El problema es que, en realidad, nunca les interesó mucho la cultura excepto para manejarla, barrer para casa o colocar a los suyos.

Nunca han destinado, por ejemplo, más del 2% del presupuesto a este menester.

Y a veces, como ocurrió con el covid, se desviaron fondos para productoras amigas de TV3.

El supuesto bajón del catalán también ha sido por la llegada de más de un millón de inmigrantes a Catalunya pero esto no se puede decir. Es un tabú.

Recuerdo que hace años, durante la presentación de un libro de Pilar Rahola, un editor importante dijo que “en La Rioja no hay un puñetero inmigrante”.

“¿Tú sabes que es recibir 800.000 tíos que vienen a la escuela de todo el mundo excepto de Europa? ¡Poca broma!” exclamó.

Ahí también se equivocaron porque el catalanismo favoreció la inmigración magrebí en vez de la latinoamericana.

Pensaron que la segunda no necesitaría aprender catalán porque ya tenía el castellano.

La primera vez que oí semejante teoría me pareció descabellada.
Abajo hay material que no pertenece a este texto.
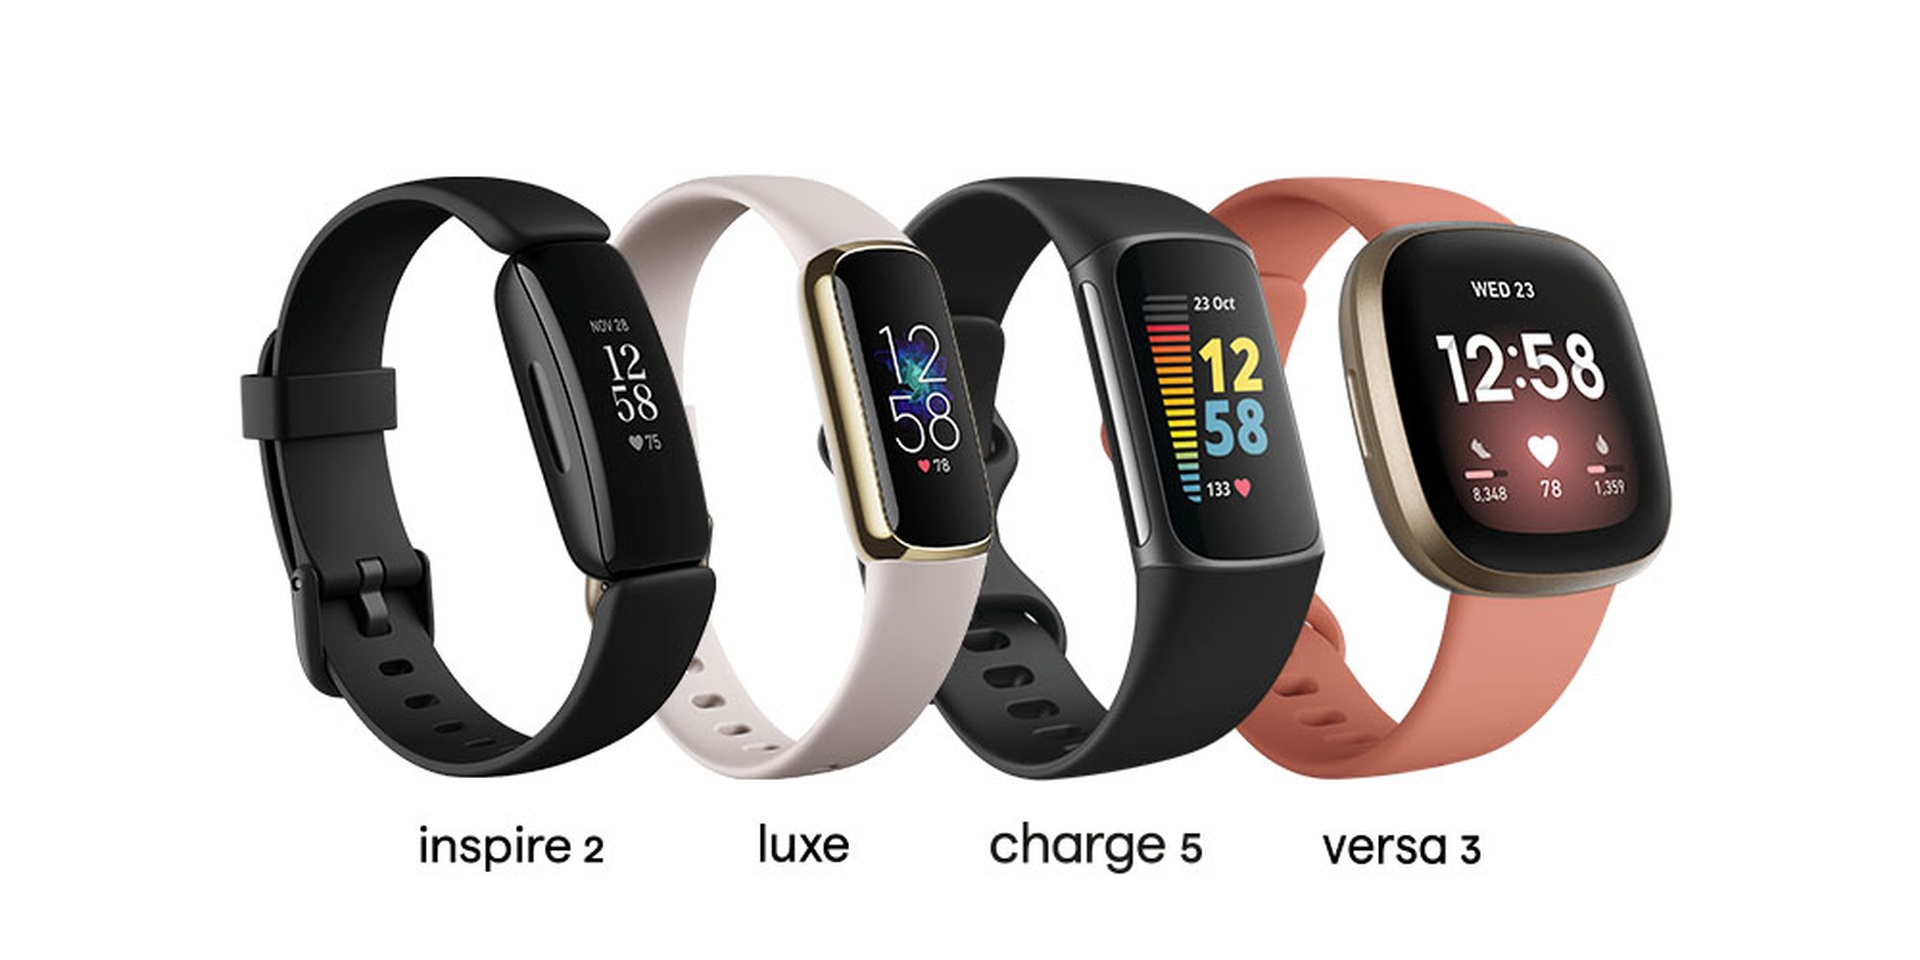 Aujourd'hui, nous allons passer en revue notre comparaison Apple Watch vs Fitbit, afin que vous puissiez connaître tous les avantages et inconvénients et prendre une décision éclairée avant d'acheter.
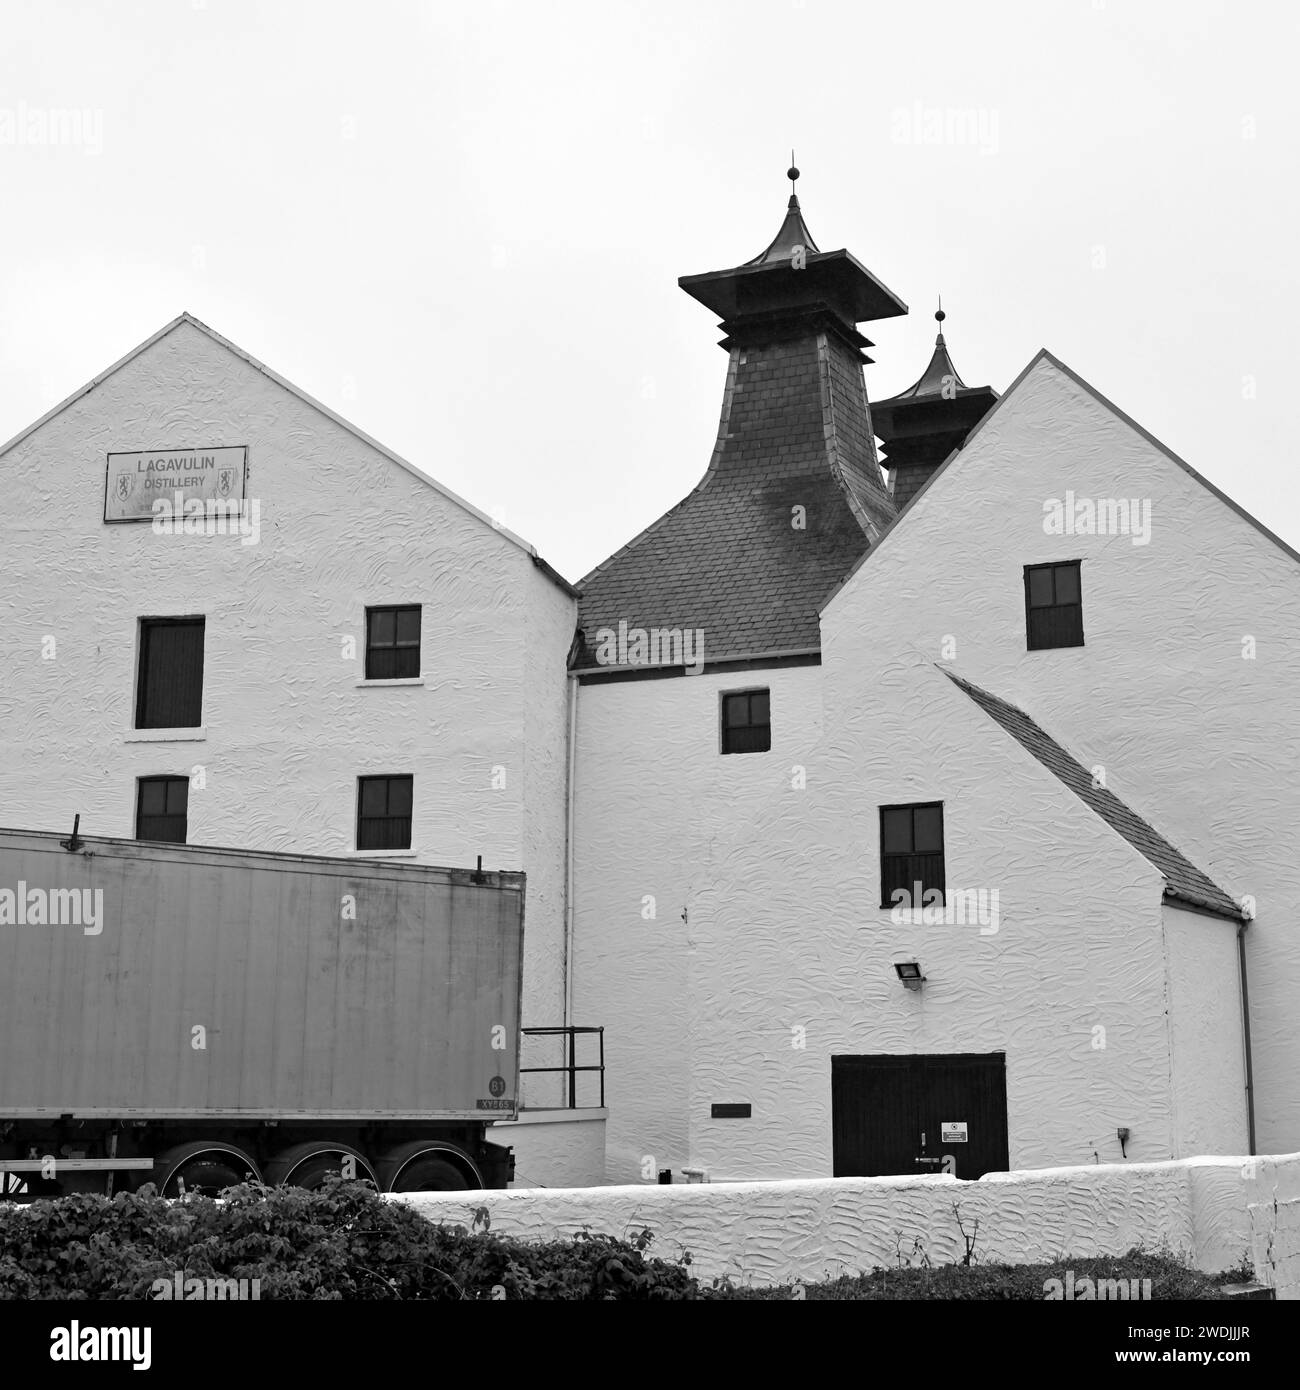 Distilleria di whisky Lagavulin nel villaggio di Lagavulin, a sud dell'isola di Islay, in Scozia. Foto Stock

Se lo oí a August Armengol, un doctor que llegó a tener cinco concejales en El Vendrell, cubriendo un mitin de la desaparecida Plataforma x Catalunya, un partido antiinmigración.

Años después se lo leí también a Gregorio Morán y eso era otro cantar.

En un artículo en La Vanguardia en el 2010 escribió:

"En Cataluña, en mayor medida que en el resto de España, se da la particularidad de que la emigración musulmana, magrebí en su mayor parte, fue promovida con mayor benevolencia que la latinoamericana, por razones políticas.”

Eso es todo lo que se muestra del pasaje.